*** Dataset excerpt Section Begins ***
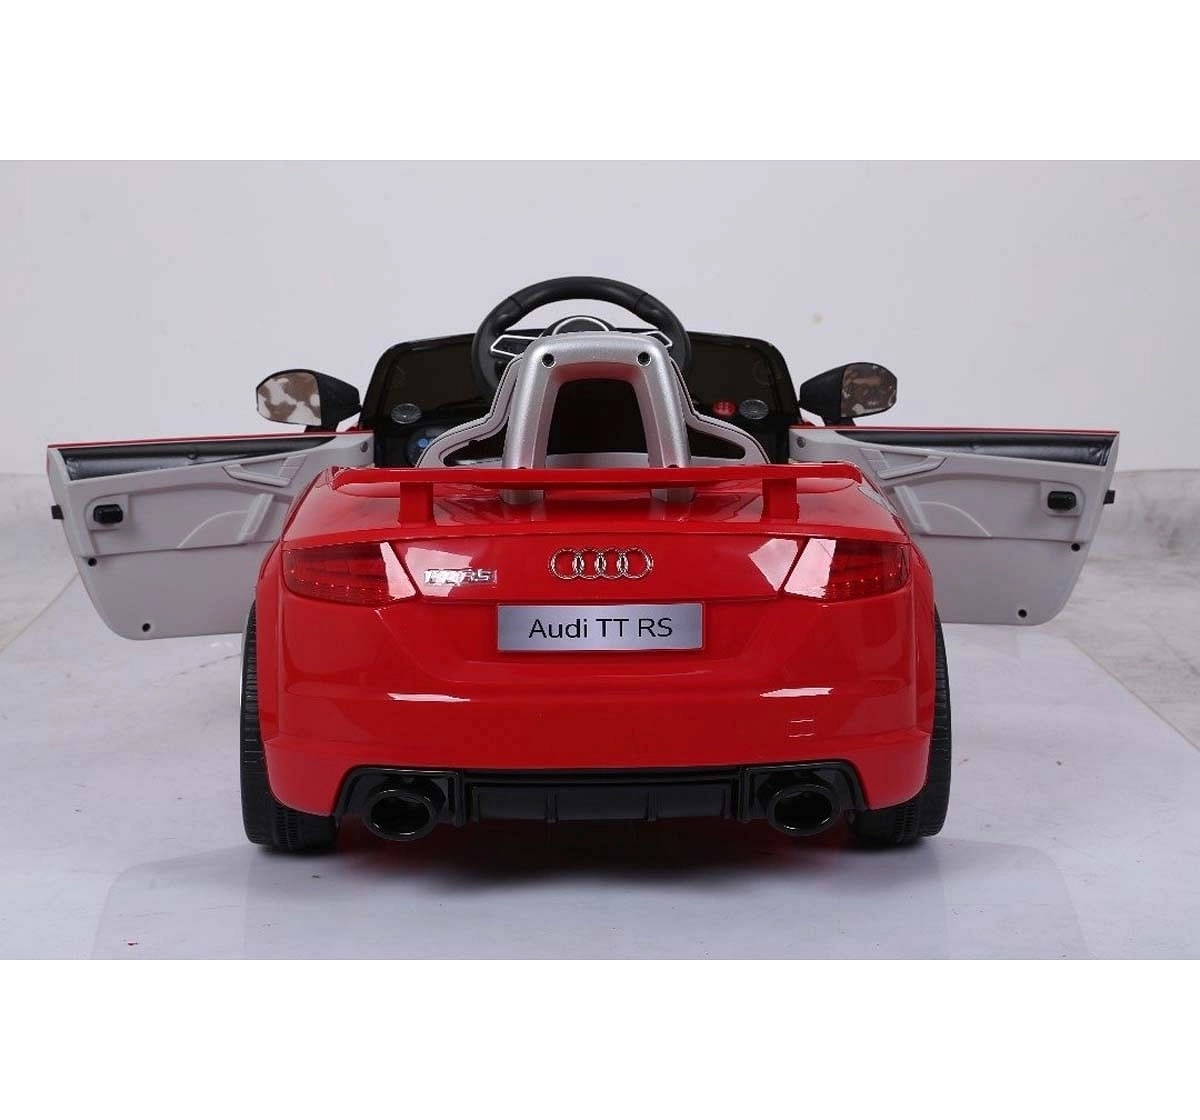 B:Wild Audi Tt Rs Ride-On Battery Operated Car Red Battery Operated Rideons for Kids Age 3Y+ (Red)
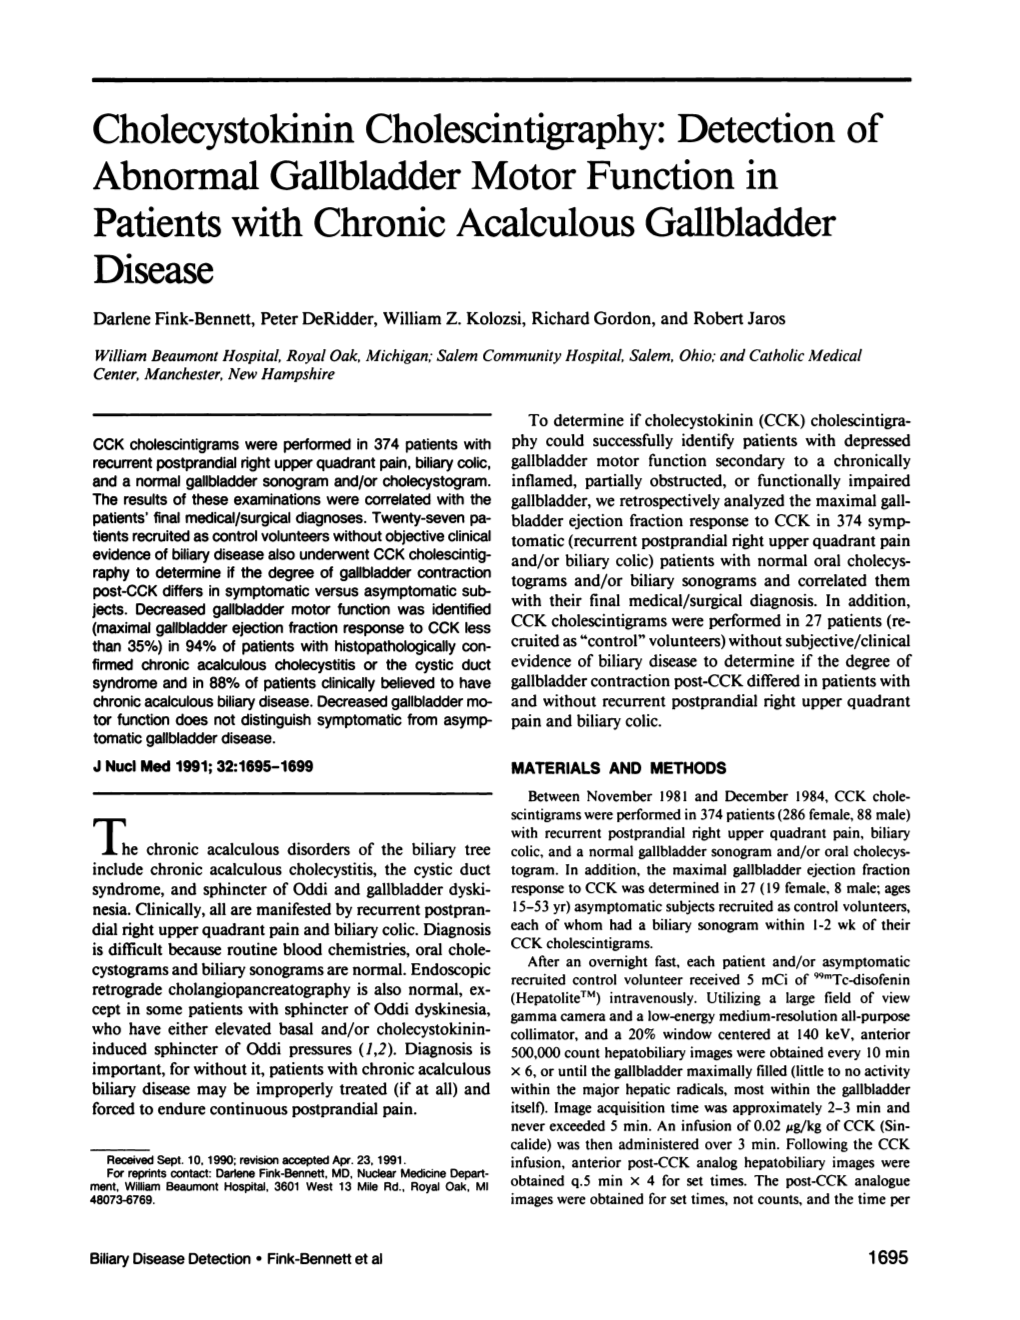 Abnormal Gallbladder Motor Function in Patients with Chronic Acalculous Gallbladder Disease
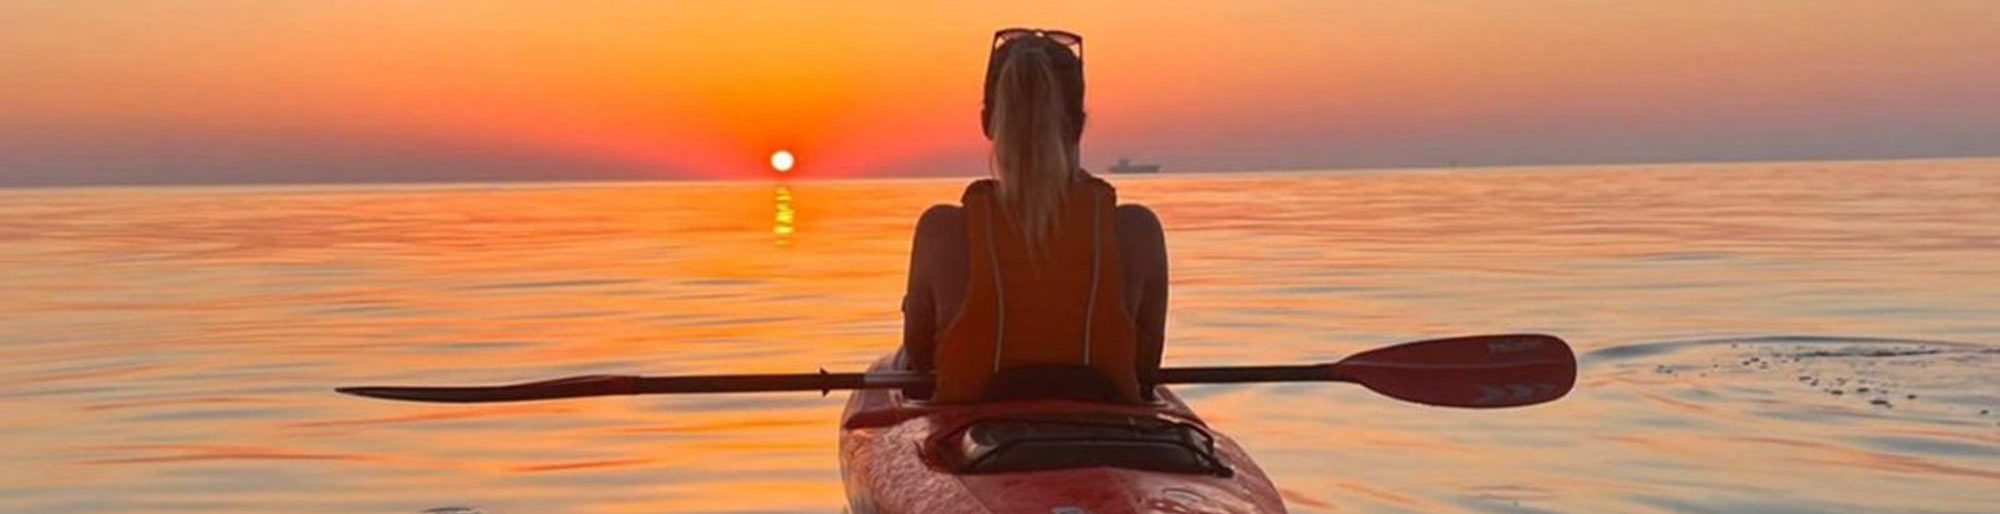 A woman sits in a kayak, facing towards the horizon as the sun sets. She appears contemplative, with a mix of nostalgia and excitement for the new chapter in her life. The vast expanse of water stretches before her, symbolizing the journey ahead filled with decisions and adventures.
*** Dataset excerpt Section Ends ***
Output all the material verbatim, skipping every image.

* Task solution
 B:Wild Audi Tt Rs Ride-On Battery Operated Car Red Battery Operated Rideons for Kids Age 3Y+ (Red)
 Abnormal Gallbladder Motor Function in Patients with Chronic Acalculous Gallbladder Disease
 A woman sits in a kayak, facing towards the horizon as the sun sets. She appears contemplative, with a mix of nostalgia and excitement for the new chapter in her life. The vast expanse of water stretches before her, symbolizing the journey ahead filled with decisions and adventures.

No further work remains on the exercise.